(Dataset items)
-.-.-

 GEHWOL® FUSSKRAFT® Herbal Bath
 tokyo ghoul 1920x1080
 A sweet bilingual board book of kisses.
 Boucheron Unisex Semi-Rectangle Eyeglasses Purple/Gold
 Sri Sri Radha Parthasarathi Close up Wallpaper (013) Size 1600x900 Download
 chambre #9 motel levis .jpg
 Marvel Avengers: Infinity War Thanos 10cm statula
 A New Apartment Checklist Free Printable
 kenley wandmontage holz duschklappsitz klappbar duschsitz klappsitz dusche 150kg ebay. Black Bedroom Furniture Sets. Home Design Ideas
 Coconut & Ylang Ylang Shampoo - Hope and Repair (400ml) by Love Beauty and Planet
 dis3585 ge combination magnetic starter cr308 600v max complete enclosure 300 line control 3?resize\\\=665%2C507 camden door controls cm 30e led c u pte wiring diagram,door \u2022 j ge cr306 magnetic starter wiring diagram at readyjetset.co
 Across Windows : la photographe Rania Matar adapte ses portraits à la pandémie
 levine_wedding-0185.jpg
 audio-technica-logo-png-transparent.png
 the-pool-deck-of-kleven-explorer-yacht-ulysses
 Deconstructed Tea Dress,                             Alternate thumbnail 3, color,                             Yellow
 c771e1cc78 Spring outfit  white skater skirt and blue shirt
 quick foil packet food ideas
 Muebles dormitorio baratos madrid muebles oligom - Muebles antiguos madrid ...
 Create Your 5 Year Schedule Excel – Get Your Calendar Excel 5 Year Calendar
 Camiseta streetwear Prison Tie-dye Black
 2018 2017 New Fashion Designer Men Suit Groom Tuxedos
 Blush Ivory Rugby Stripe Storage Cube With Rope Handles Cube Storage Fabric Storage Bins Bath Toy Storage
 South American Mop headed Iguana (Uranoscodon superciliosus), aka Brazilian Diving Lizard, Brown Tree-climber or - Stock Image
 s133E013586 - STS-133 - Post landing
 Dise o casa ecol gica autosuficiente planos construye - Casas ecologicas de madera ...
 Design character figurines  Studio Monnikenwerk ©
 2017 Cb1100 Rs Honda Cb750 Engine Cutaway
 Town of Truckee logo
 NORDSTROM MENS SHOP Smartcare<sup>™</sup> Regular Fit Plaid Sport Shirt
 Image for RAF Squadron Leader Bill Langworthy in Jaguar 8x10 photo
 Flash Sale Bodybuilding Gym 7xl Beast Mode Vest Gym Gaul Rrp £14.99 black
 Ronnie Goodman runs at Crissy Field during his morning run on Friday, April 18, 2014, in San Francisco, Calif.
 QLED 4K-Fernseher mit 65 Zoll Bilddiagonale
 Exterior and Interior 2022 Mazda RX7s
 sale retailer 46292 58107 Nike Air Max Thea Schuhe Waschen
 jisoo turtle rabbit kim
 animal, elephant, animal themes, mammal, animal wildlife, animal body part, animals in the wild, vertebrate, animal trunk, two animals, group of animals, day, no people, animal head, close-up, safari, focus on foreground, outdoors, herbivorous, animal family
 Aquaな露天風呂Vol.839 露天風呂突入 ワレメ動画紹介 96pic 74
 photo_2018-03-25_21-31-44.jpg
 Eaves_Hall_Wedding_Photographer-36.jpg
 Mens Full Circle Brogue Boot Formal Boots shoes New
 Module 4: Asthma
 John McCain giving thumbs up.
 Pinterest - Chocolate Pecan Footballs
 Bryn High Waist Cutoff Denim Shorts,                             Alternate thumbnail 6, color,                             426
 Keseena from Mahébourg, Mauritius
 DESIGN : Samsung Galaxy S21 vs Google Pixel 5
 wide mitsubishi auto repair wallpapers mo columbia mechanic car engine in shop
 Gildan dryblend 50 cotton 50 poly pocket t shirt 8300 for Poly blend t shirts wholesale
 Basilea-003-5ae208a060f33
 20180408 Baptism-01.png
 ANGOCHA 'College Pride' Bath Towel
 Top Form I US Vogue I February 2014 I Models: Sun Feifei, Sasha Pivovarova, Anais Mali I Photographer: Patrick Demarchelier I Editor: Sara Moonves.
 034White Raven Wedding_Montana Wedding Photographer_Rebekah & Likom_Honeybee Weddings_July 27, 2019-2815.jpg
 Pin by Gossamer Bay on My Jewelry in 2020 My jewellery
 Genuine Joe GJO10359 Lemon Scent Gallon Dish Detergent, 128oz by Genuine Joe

-.-.-

Exercise ▸ Reproduce the entries exactly, starting at their first line and stopping after the line with "A New Apartment Checklist Free Printable".

Task output ▸
 GEHWOL® FUSSKRAFT® Herbal Bath
 tokyo ghoul 1920x1080
 A sweet bilingual board book of kisses.
 Boucheron Unisex Semi-Rectangle Eyeglasses Purple/Gold
 Sri Sri Radha Parthasarathi Close up Wallpaper (013) Size 1600x900 Download
 chambre #9 motel levis .jpg
 Marvel Avengers: Infinity War Thanos 10cm statula
 A New Apartment Checklist Free Printable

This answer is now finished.